Saturday, August 5, 2017

DYSTOPIAN WALLPAPER: the Lives of Birds and Insects



Life changes fast.  Life changes in an instant.  You sit down to dinner and life as you know it ends.

Joan Didion














This quartet of images is to be repeated side by side / up and down to create wallpaper.  The immediate impression is quiet and pleasant, but close observation reveals deadly problems in this peaceful landscape.

The upper left grouping:
The central focus is a European Bee-eater (Merops apiaster) in the act of devouring a bumble bee.  The bumble bee is also being eyed by a beewolf  (genus Philanthus) and a Conops quadrifasciatus.
Two different, highly predacious,  assassin bugs sit to the left and right of the poisonous black hellebore, stalking two herbivorous leaf beetles.
The columbine leaves that interest the leaf beetles have already been attacked by leaf miners, usually the larvae of moths, sawflies (a type of wasp) or flies.

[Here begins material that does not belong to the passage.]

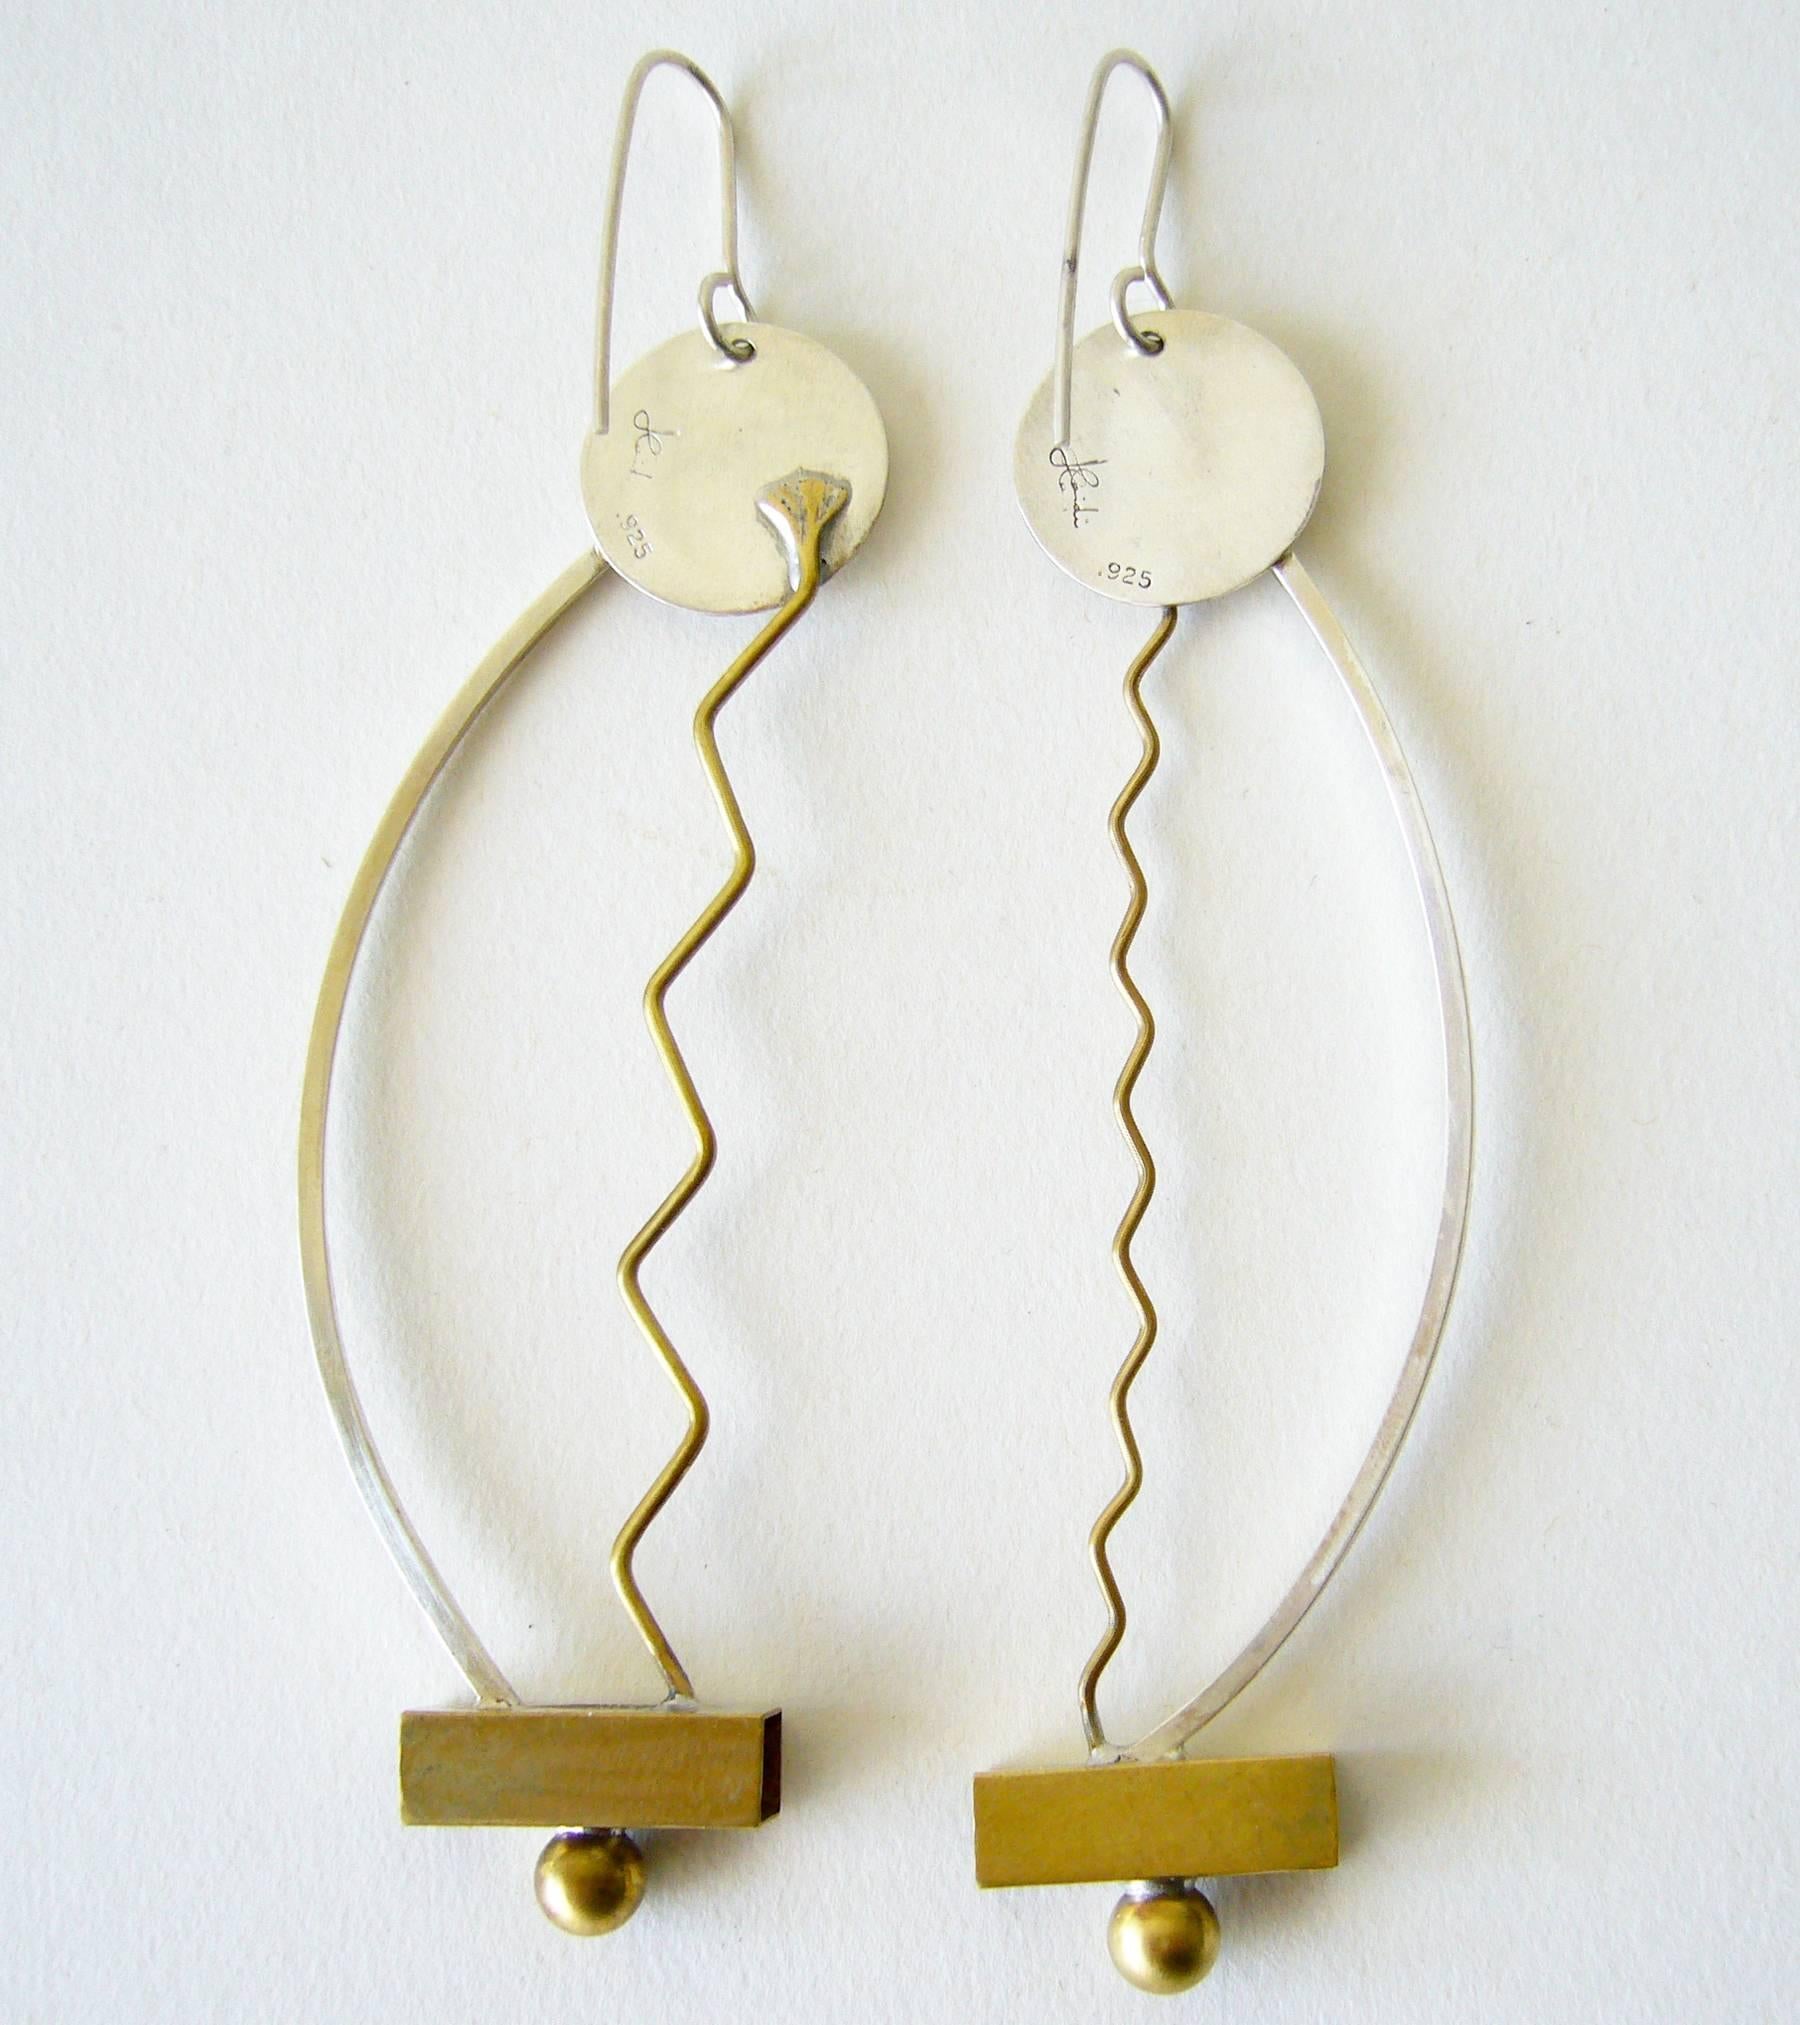 Sterling silver and brass post modernist style pierced earring created by Heidi Abrahamson of Phoenix, Arizona.  Earrings measure 4.5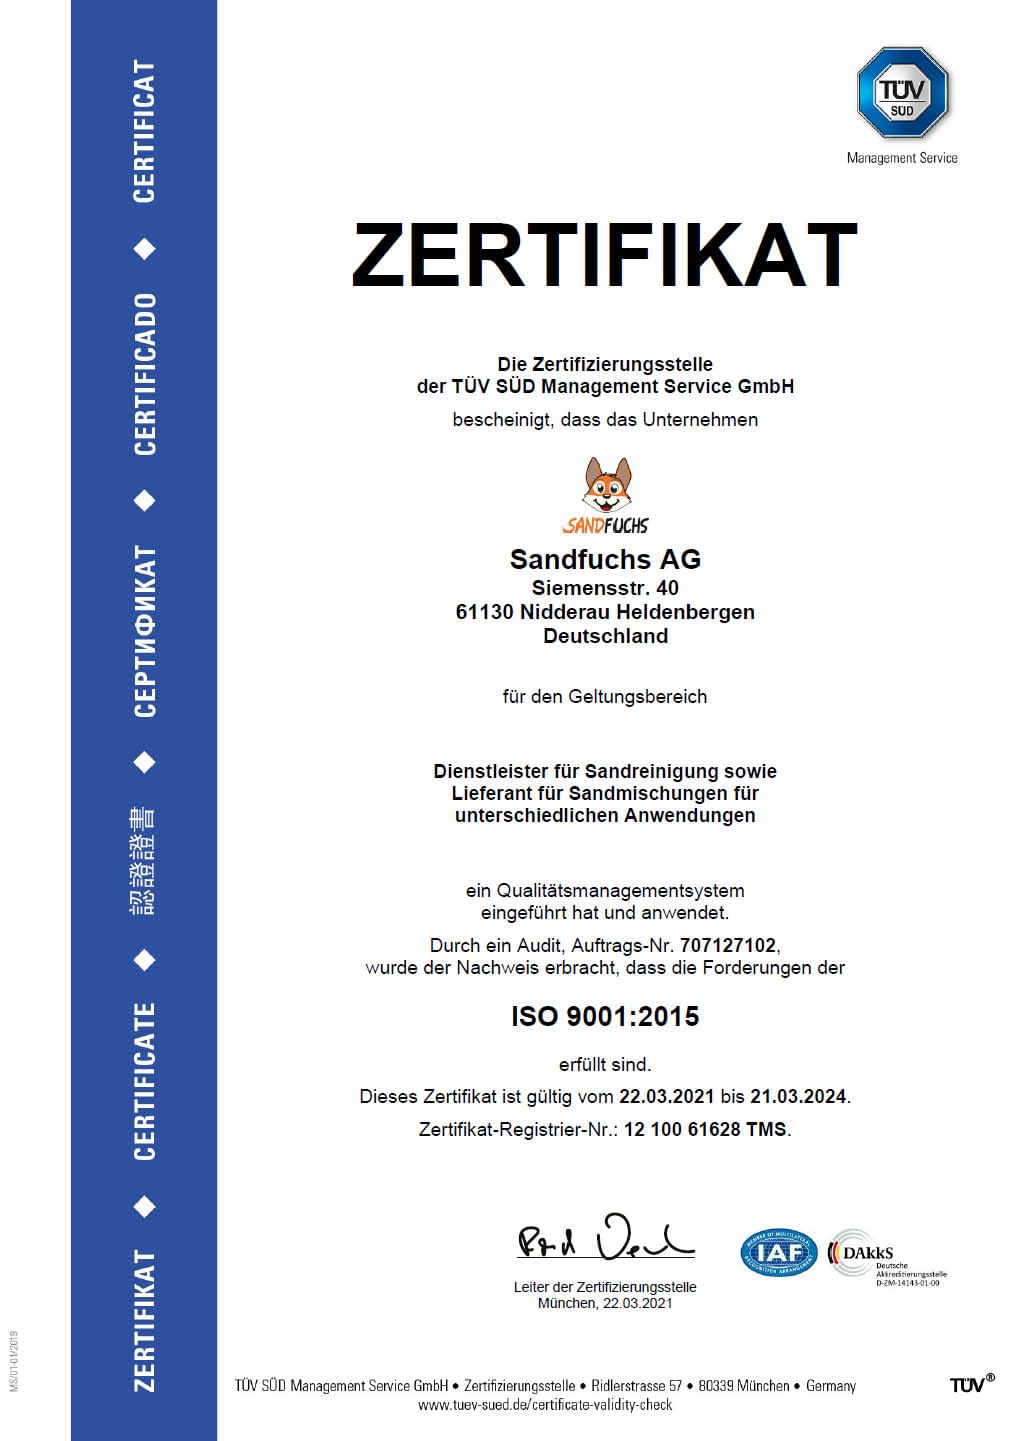 QMS ISO Norm 9001-2015 Zertifikat für Sandfuchs AG

Stationed at the corners of each square are four species of ants ready to go to war.

Upper right grouping:
Attracting 3 house flies to their deaths in a pitfall-trap is the beautiful North American pitcher plant (Genus Sarracenia).  Just above are two groups of three seeds from the poisonous, vespertine, moonflower plant  (Genus Datura). Flanking the pitcherplant are the leaves of the sweet pea (Laythyrus odoratus)whose seeds are toxic.
Flying over the pitcher plant is a cicada being followed by a Cicada killer - a solitary wasp which will paralyze the cicada then lay eggs on it that will provide food for the larva when it hatches.

Lower right grouping:
A green hummingbird flies over the leaf of the poisonous castor bean plant, right into the waiting arms of a large, carnivorous, praying mantis.  The leaves by the wings of the mantis are from the bleeding heart (Dicentra spectabilis), which can cause skin irritations.  Sitting on the leaves are lady beetles (Family Coccinellidae) ready to attack three aphids.

Lower left grouping:
A blue warbler (Setophaga caerulescens) from the deep woods of North America somehow has run across a yellow pansy butterfly (Junonia hierta) from the paleotropics. A pair of  common green darner dragonflies (Anax junius) are also interested in a butterfly lunch.
Seated in the center of a white opium poppy (Papaver somniferum) is a white crab spider (not an insect) which doesn't spin a web, but grabs its prey when it comes to the flower.  In this case, it is a doomed white cabbage butterfly (Pieris rapae).
Around the poppy are the poisonous leaves of the choke cherry (Prunus virginiana) and deadly nightshade (Atropa belladonna).